THE ICELANDIC STYLE OF PUBLIC POLICY ADVOCACY

Iceland is a northern island state with a population of 320,000 which means it is both small in terms of population and fairly isolated geographically. The banking crisis has raised some fundamental questions in Iceland about the integrity of its governing institutions and the concept of corruption as it should be understood in the Icelandic context. A recurring issue is that of the extensive personal and professional relationship networks that exist and therefore permeate the institutions of government and decision making. For parliamentarians, the issue of business links and independence, as well as conflicts of interest more generally is a live one.

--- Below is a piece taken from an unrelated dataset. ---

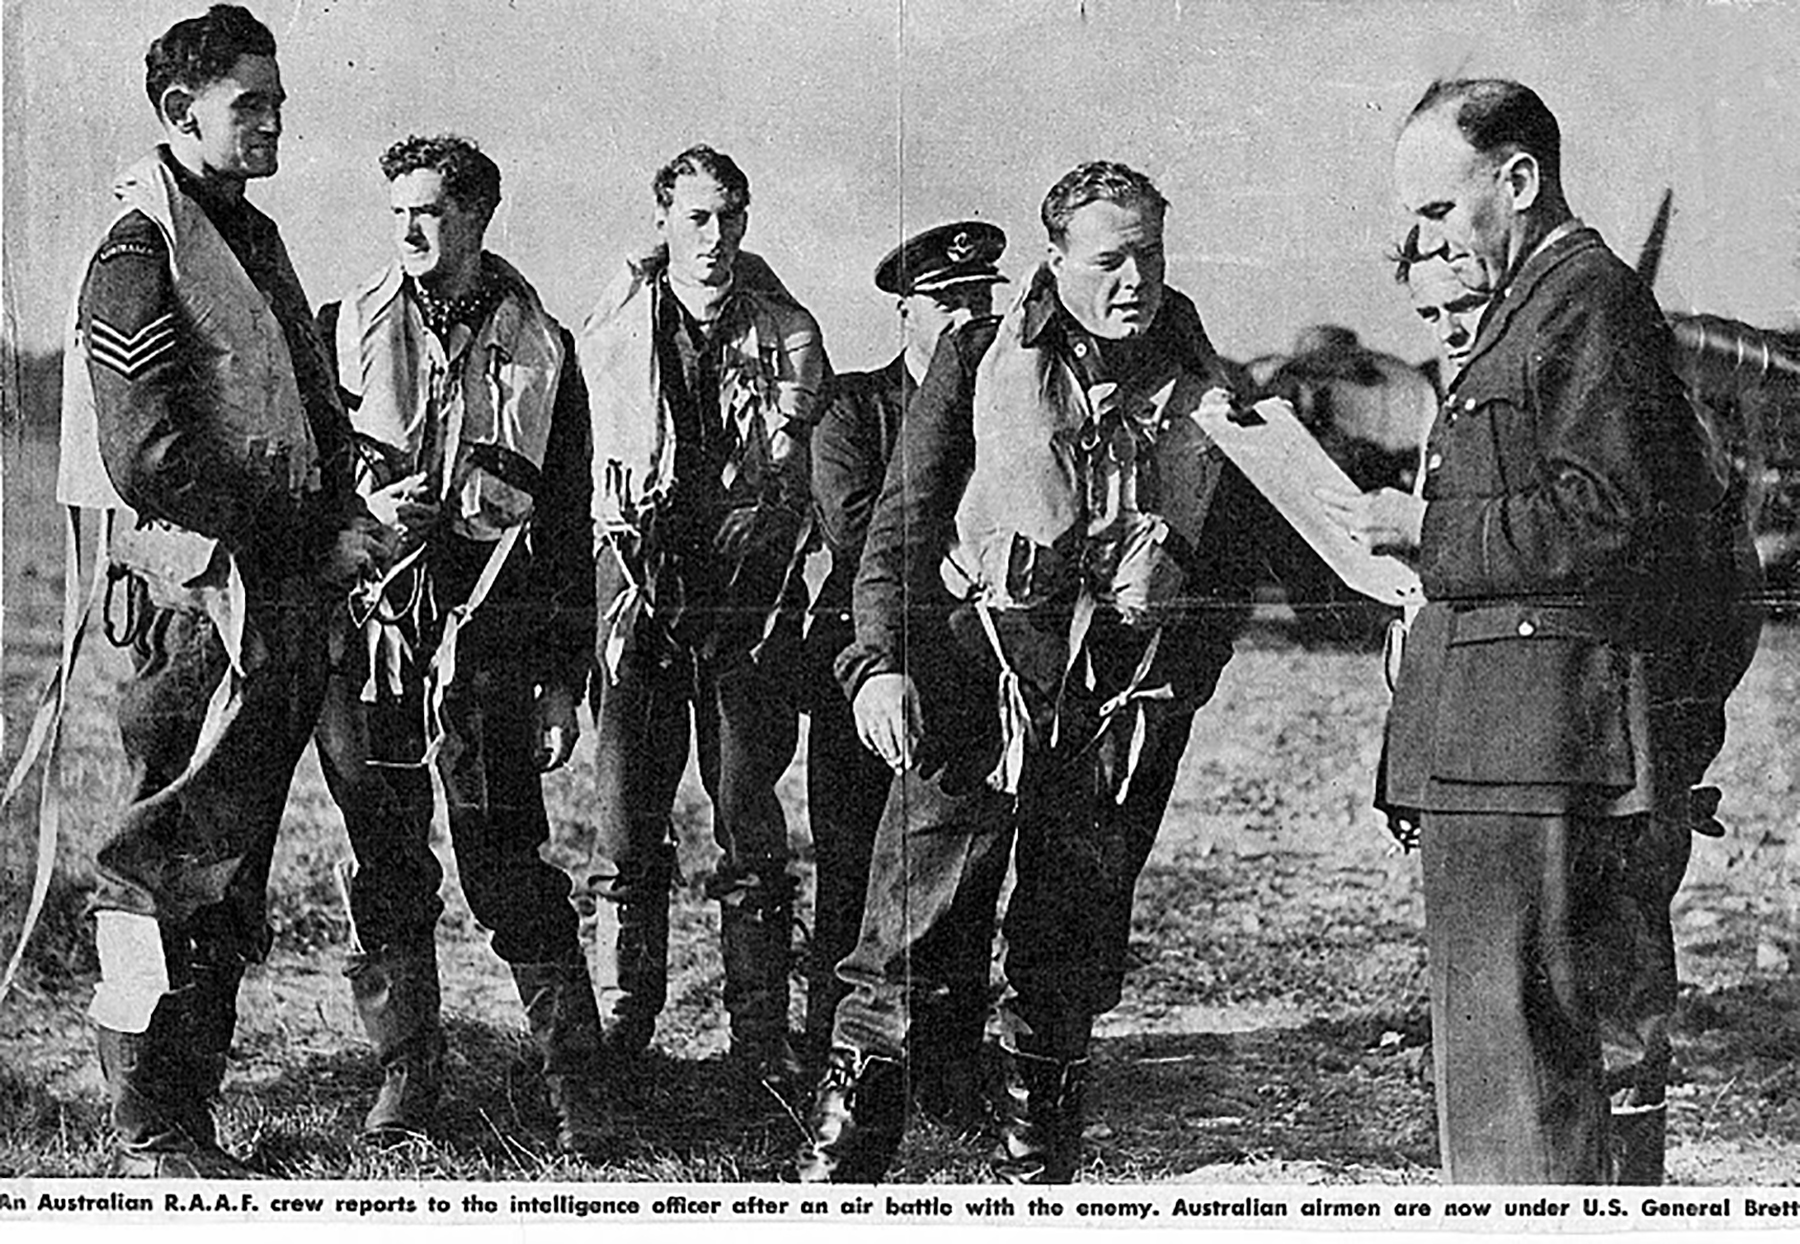 UK service Aircrew RAAF 452 Squadron pilots and IO 01
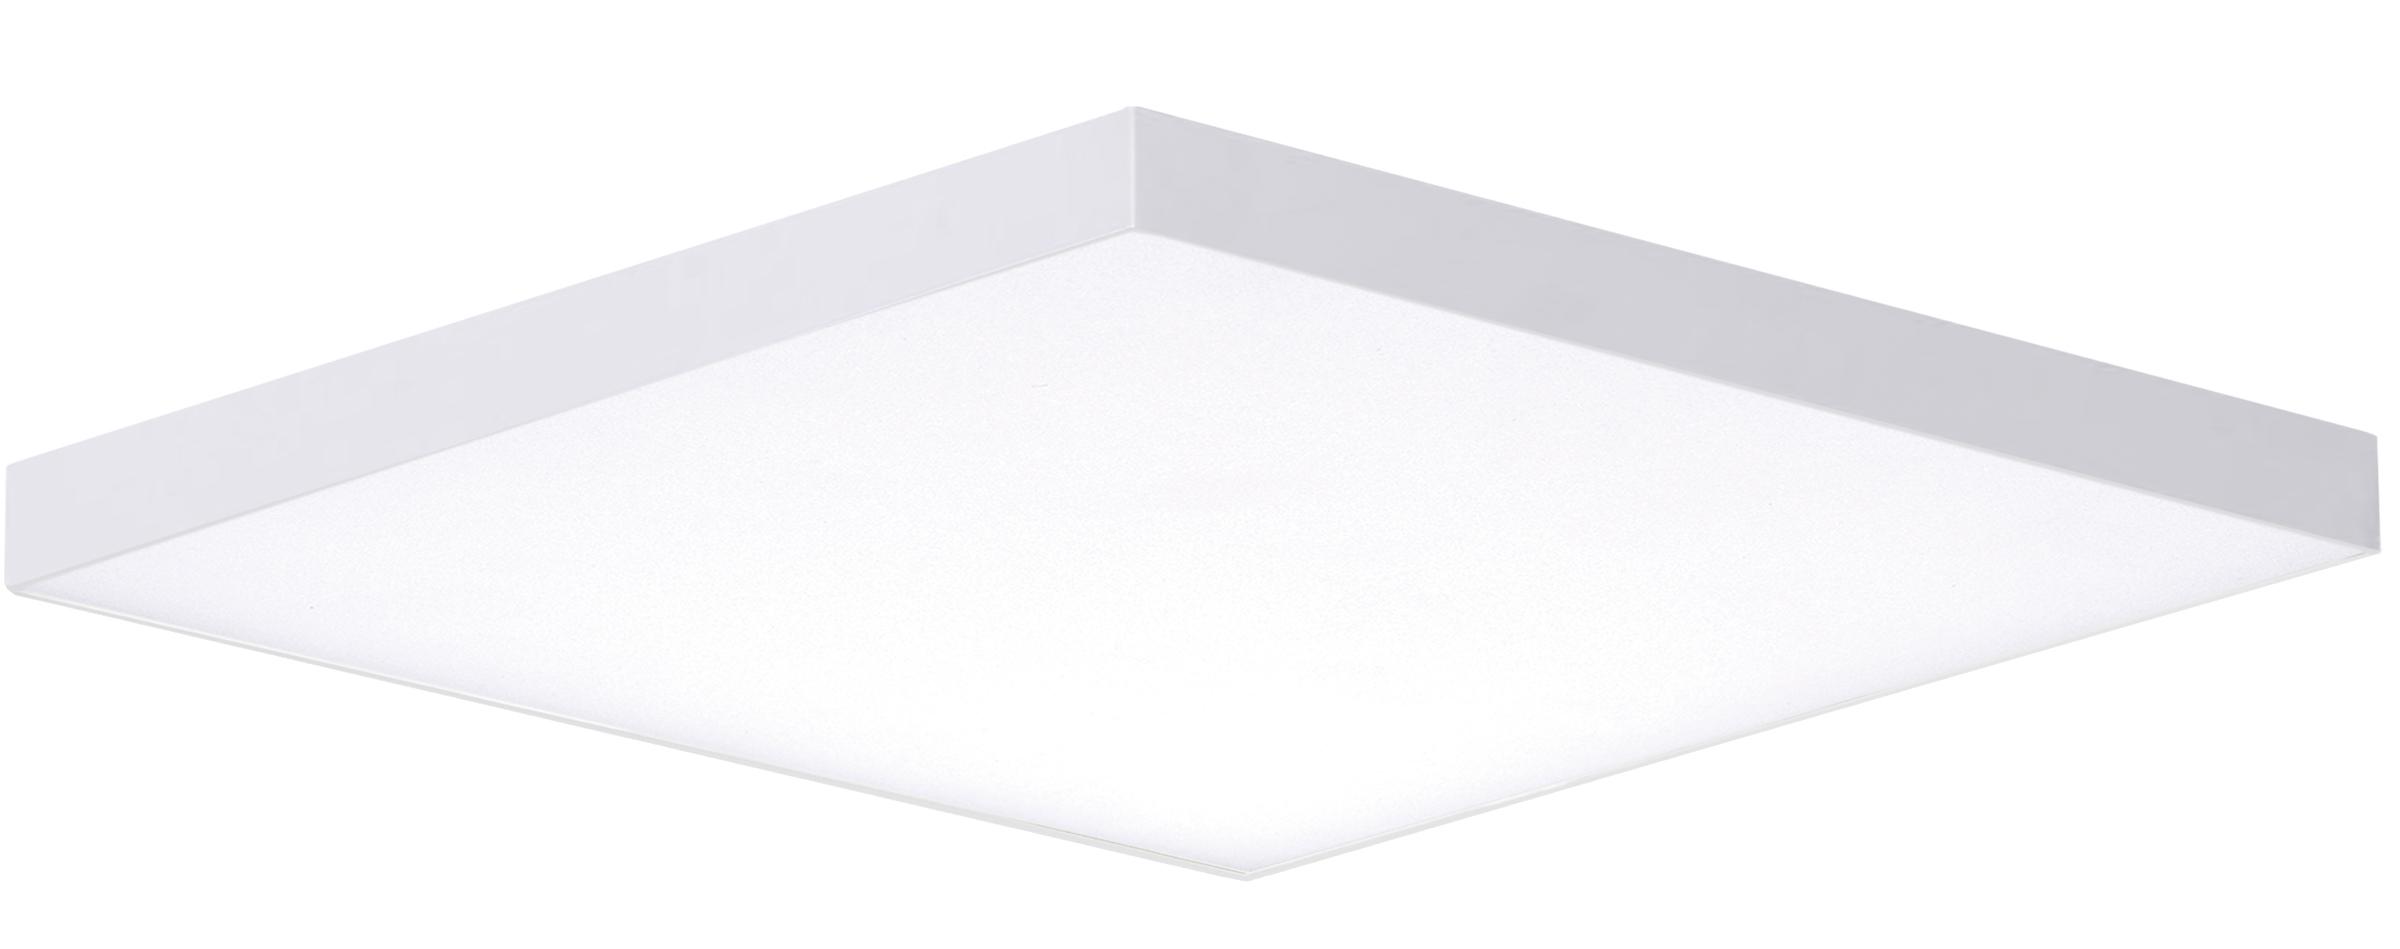 Trim 15.5-inch Square LED Flush Mount 3000K | Maxim Lighting

A reflection process has already started in this area and some tools have been developed to increase transparency, not only of parliamentary proceedings (an area in which the country has a tradition of openness), but also of the activities of its individual members, including through the introduction of a financial declaration system and the on-going development of a code of conduct. The authorities can only be encouraged to further develop the applicable rules so that they are meaningful and effective in promoting a parliamentary ethos that acknowledges and openly addresses corruption prevention, well dconflicts of interest and more generally, deontological matters, and in increasing public confidence in this sector.

Transparency in the legislative process and Public Policy Advocacy

Iceland is a republic with a parliamentary form of government . It has a unicameral Parliament, the Althingi, composed of 63 members elected by secret ballot on the basis of proportional representation (d’Hondt system) for a term of four years.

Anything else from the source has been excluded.